Mon après midi s’annonce tranquille : finitions des moulages du matin de 14h à 16h et puis comptoir. Les moulages du jour sont particulièrement réussis. Outre le quinqua sous viagra, j’ai un jeune sexe courbe, un peu fin mais parfait pour créer un dick générique, notre produit d’entrée de gamme pour les solitaires. C’est un nouveau service, que j’ai créé après les moulages de couple. J’avais développé les moulages connectés interactifs à la demande du gouvernement, pour calmer les émeutes… Ainsi, même dans leur cellule d’isolement, les amoureux pouvaient se retrouver. On s’est toujours tracassé de la survie des couples séparés par le Grand Isolement de 2023, mais peu ont pensé aux célibataires condamnés à l’autosexualité depuis le début de la pandémie. Comme si vivre en solo voulait dire sans sexualité ! Alors régulièrement, je mets aux enchères une sélection de mes plus beaux moulages.

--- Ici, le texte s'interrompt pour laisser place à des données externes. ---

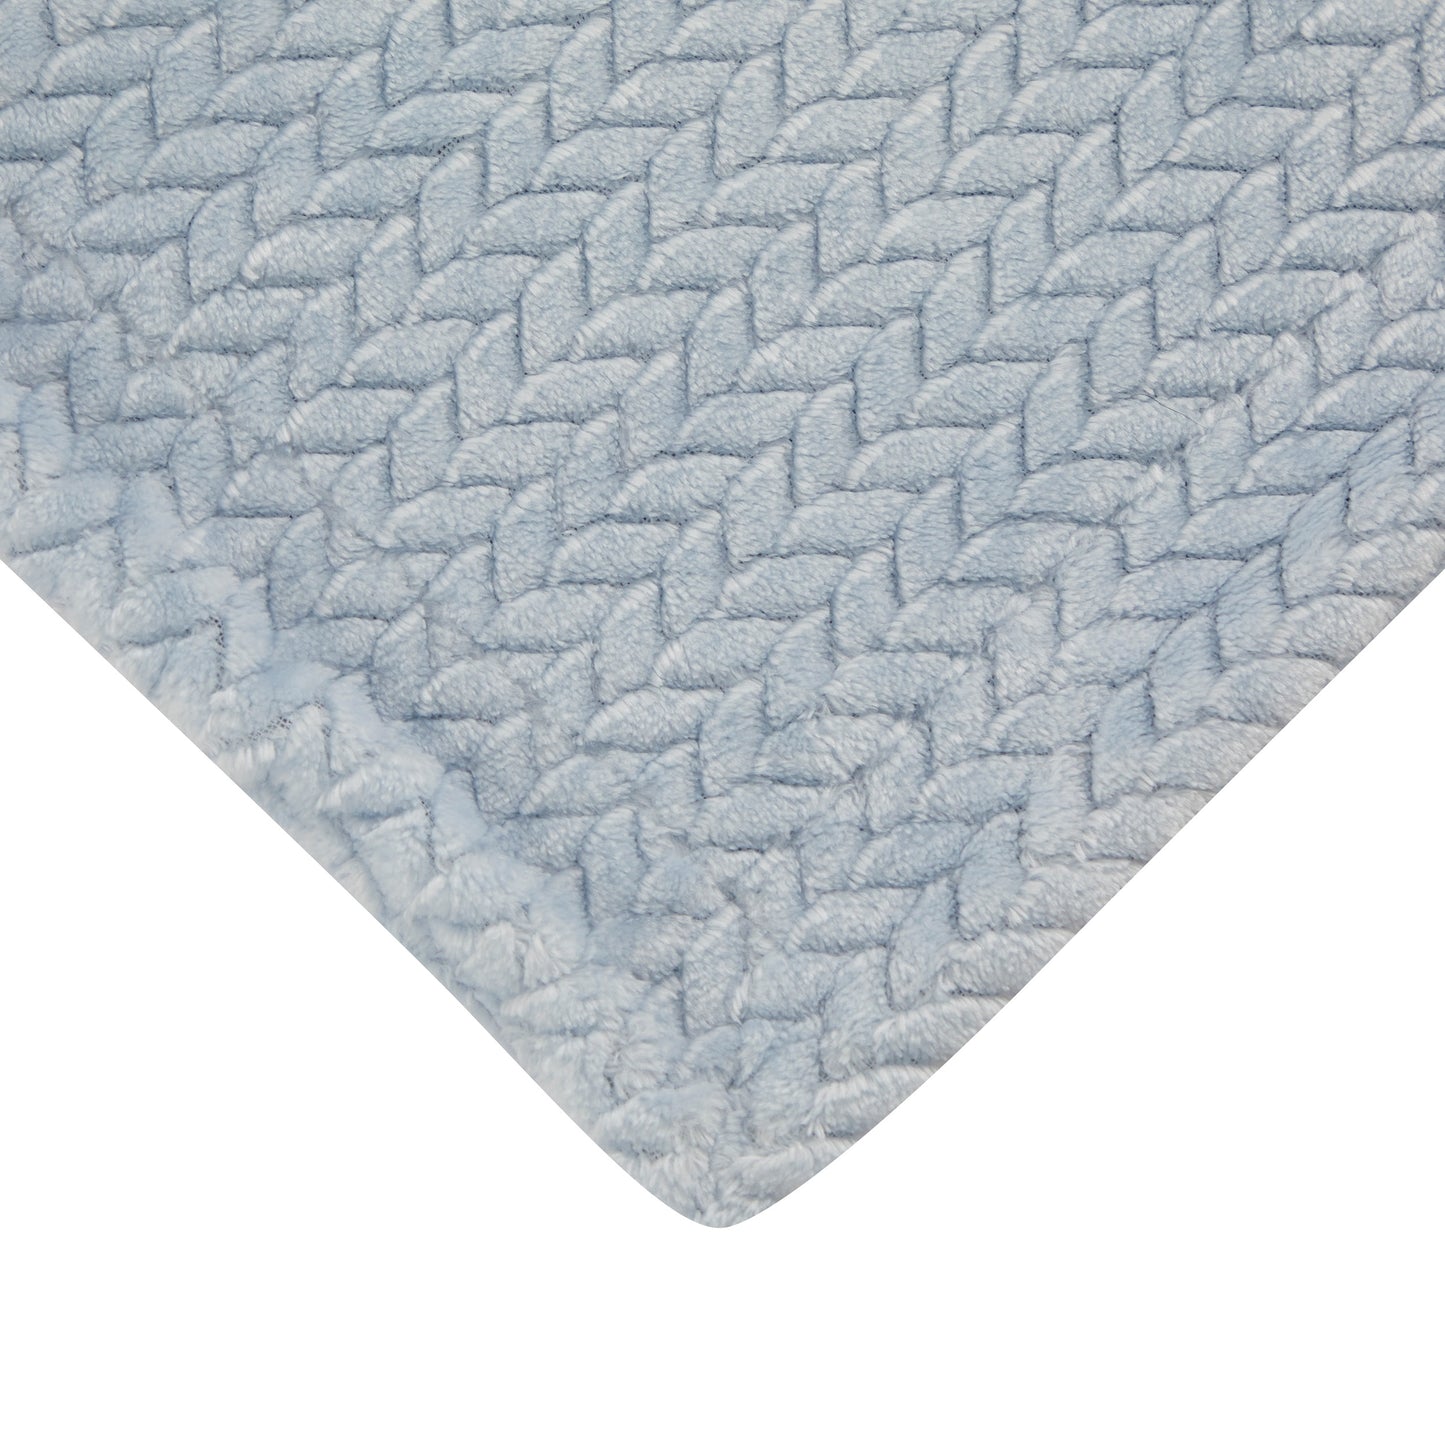 Mon Lapin by Thesis Textured Weave Embossed Baby Blanket - Powder
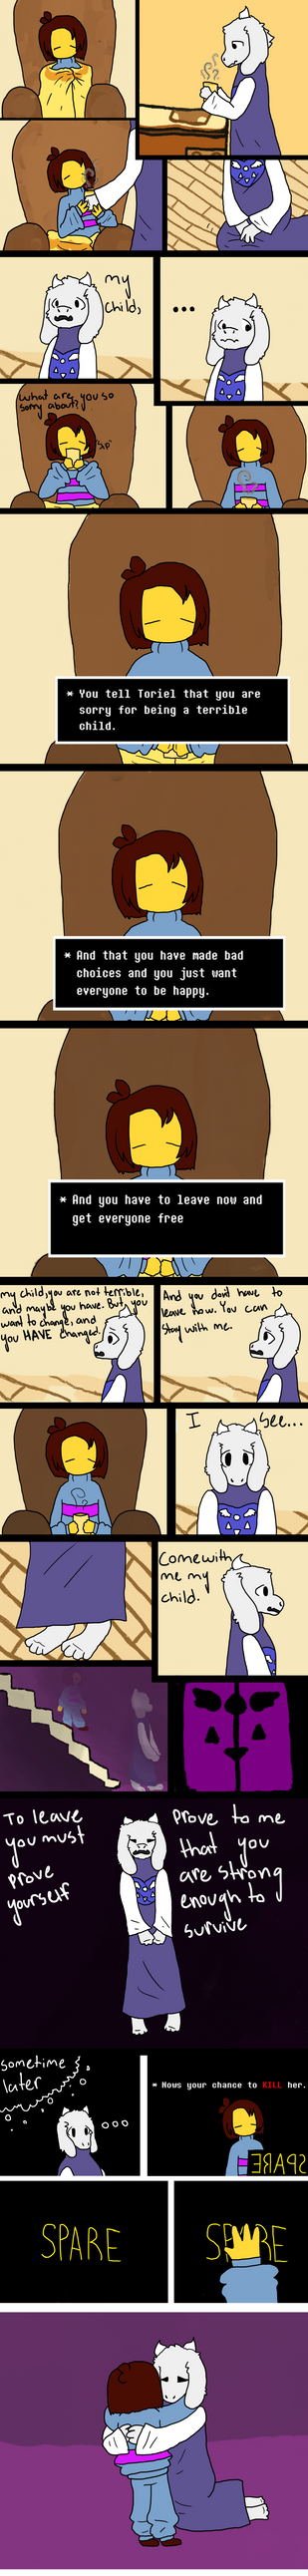 The Story of Frisk and Chara Page 3

Et le projet cartonne. Livrés avec un code unique, il suffit de connecter les capteur du sexe moulé par port USB6.9 à sa puce vaccinale, et l’impulsion électrique est directement envoyée au thalamus. Le moulage et l’application se chargent d’activer vos sensations comme si vous faisiez vraiment l’amour à un humain.

La liberté du sexe numérique a facilité la vie en cellule solitaire. Elle a aussi cassé les normes traditionnelles des couples binaires.  Le Grand Isolement a révélé l’appétit d’amour, et l’a même sublimé.  Le sexe numérique permet désormais de multiplier les relations, sans aucun risque ni sanitaire ni social… Selon leur configuration amoureuse, certains ont deux, trois moulages dans leur cellule. L’avantage de la peau artificielle étant qu’elle se compresse en pochon, de magnifiques petits étuis en forme de pénis ou de clitoris, que l’on peut faire broder au nom de chaque  partenaire. 

Quand j’ouvre le comptoir du dick & collect, à 16h15, il y a déjà trois personnes sur le trottoir. Sincèrement, ça me fait plaisir. Déjà, c’est le seul moment de la journée où je vois des humains sans être séparé par un écran.  Et puis, je suis fière que les gens viennent chercher leur sexe à emporter dans mon magasin. J’ai l’impression de contribuer à leur bien-être. Est-ce que le Grand Isolement est à l’origine de ma success story ? Oui, on peut dire ça. Mais si vous m’aviez dit cela en 2020, je vous aurais probablement ri au nez.